> [STORED DATA]
┌──

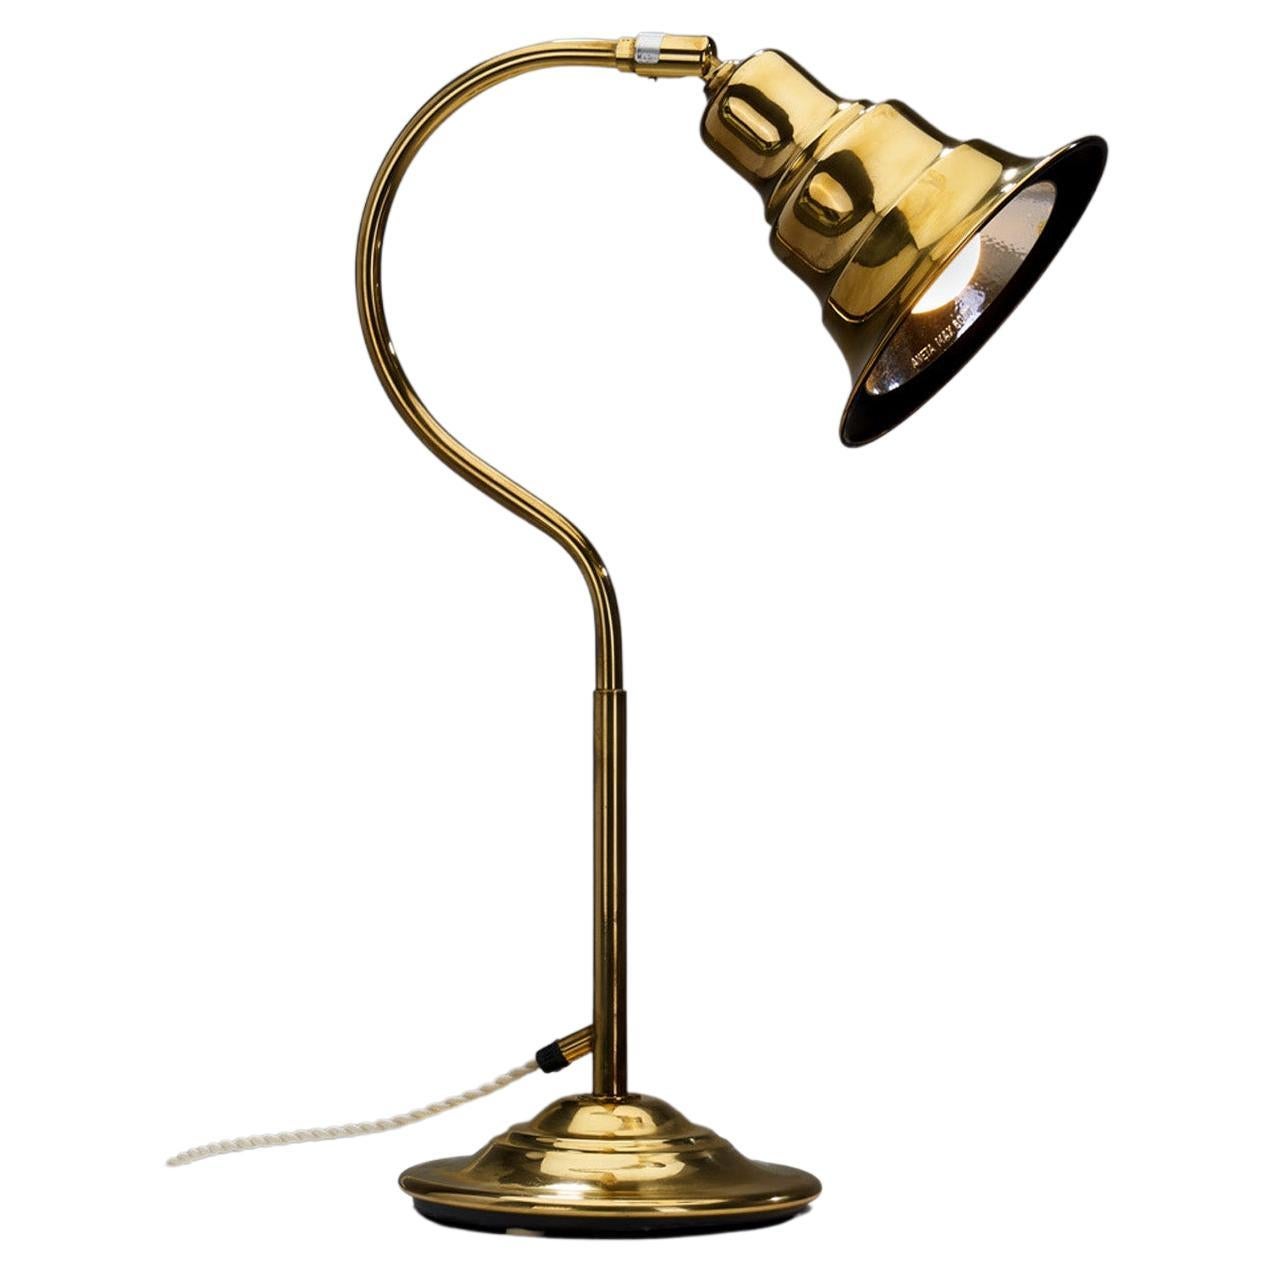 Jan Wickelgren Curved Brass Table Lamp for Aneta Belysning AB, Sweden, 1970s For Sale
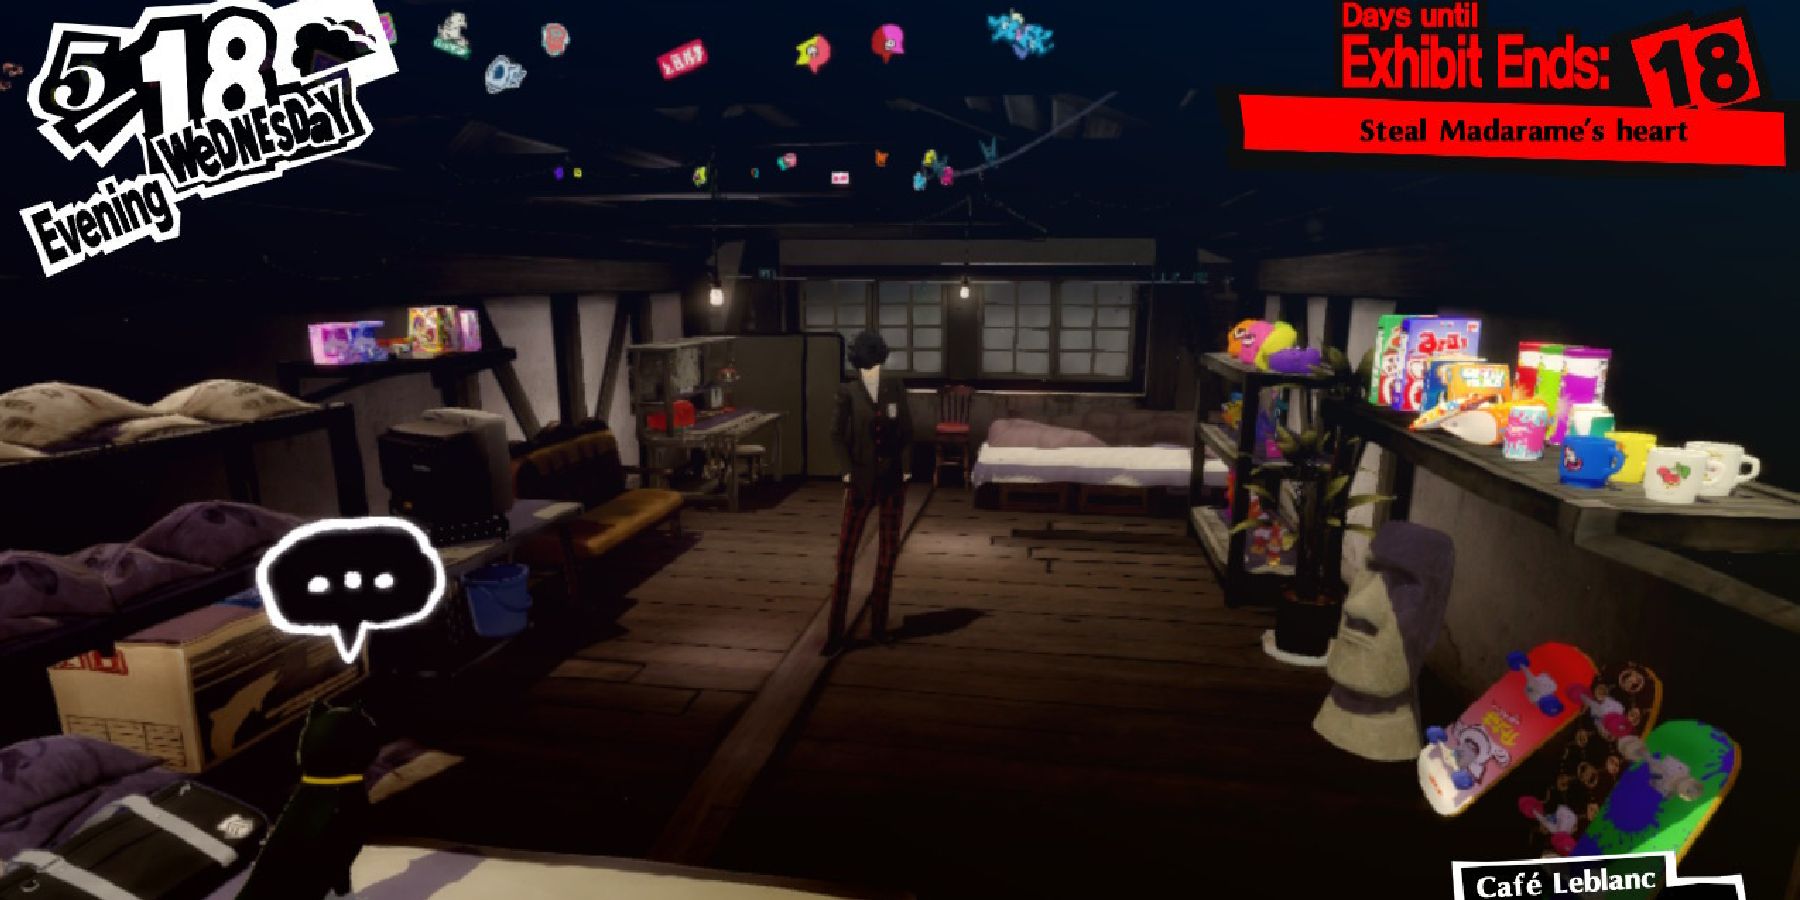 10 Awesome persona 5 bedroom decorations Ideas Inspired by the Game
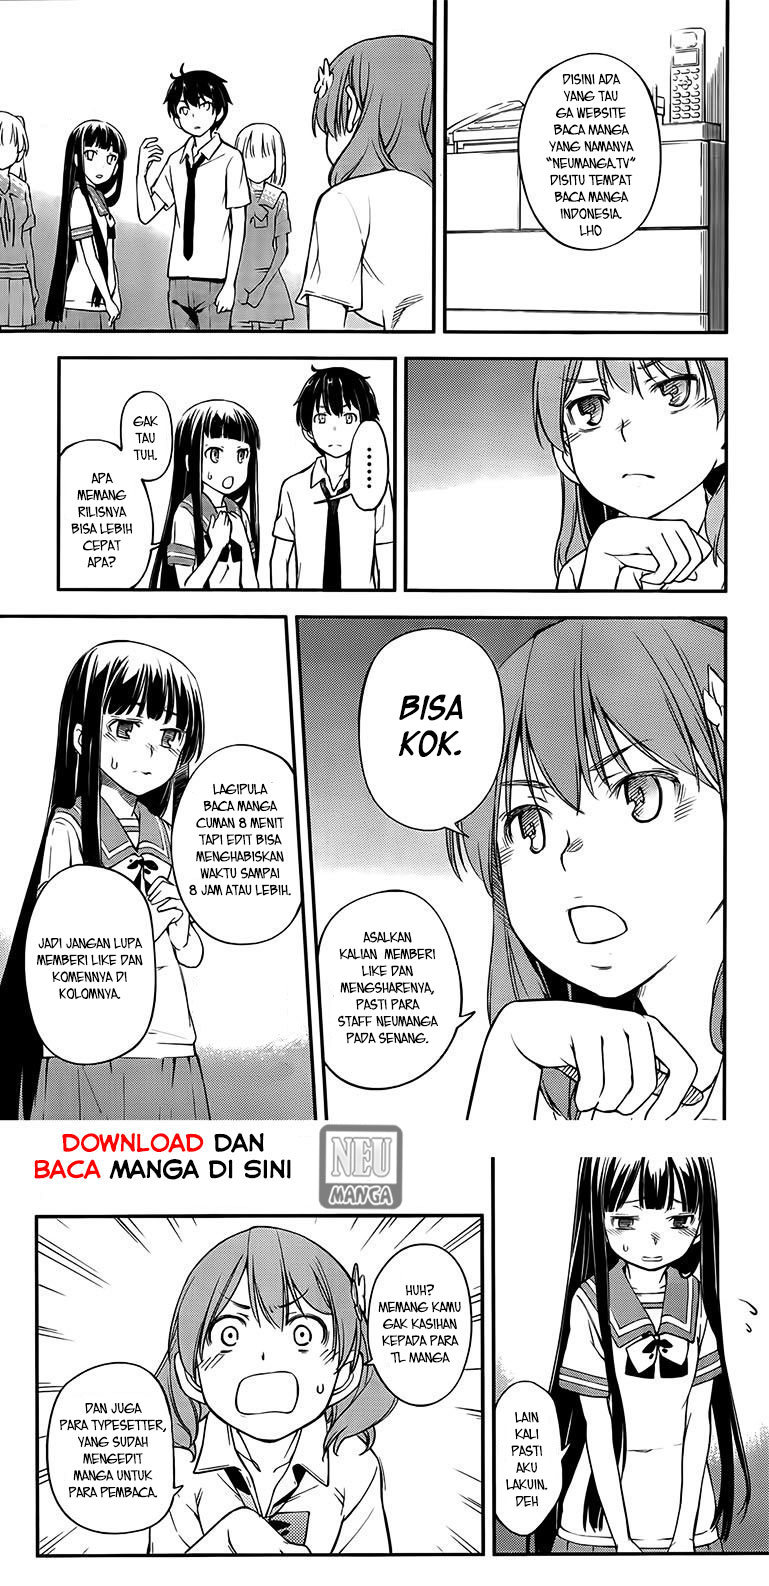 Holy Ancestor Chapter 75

└──

> [WHAT YOU HAVE TO DO] Using the material above, return every line exactly as it appears, minus the pictures.

> [SOLUTION FOR THIS PROBLEM]
 Jan Wickelgren Curved Brass Table Lamp for Aneta Belysning AB, Sweden, 1970s For Sale
 10 Awesome persona 5 bedroom decorations Ideas Inspired by the Game
 Holy Ancestor Chapter 75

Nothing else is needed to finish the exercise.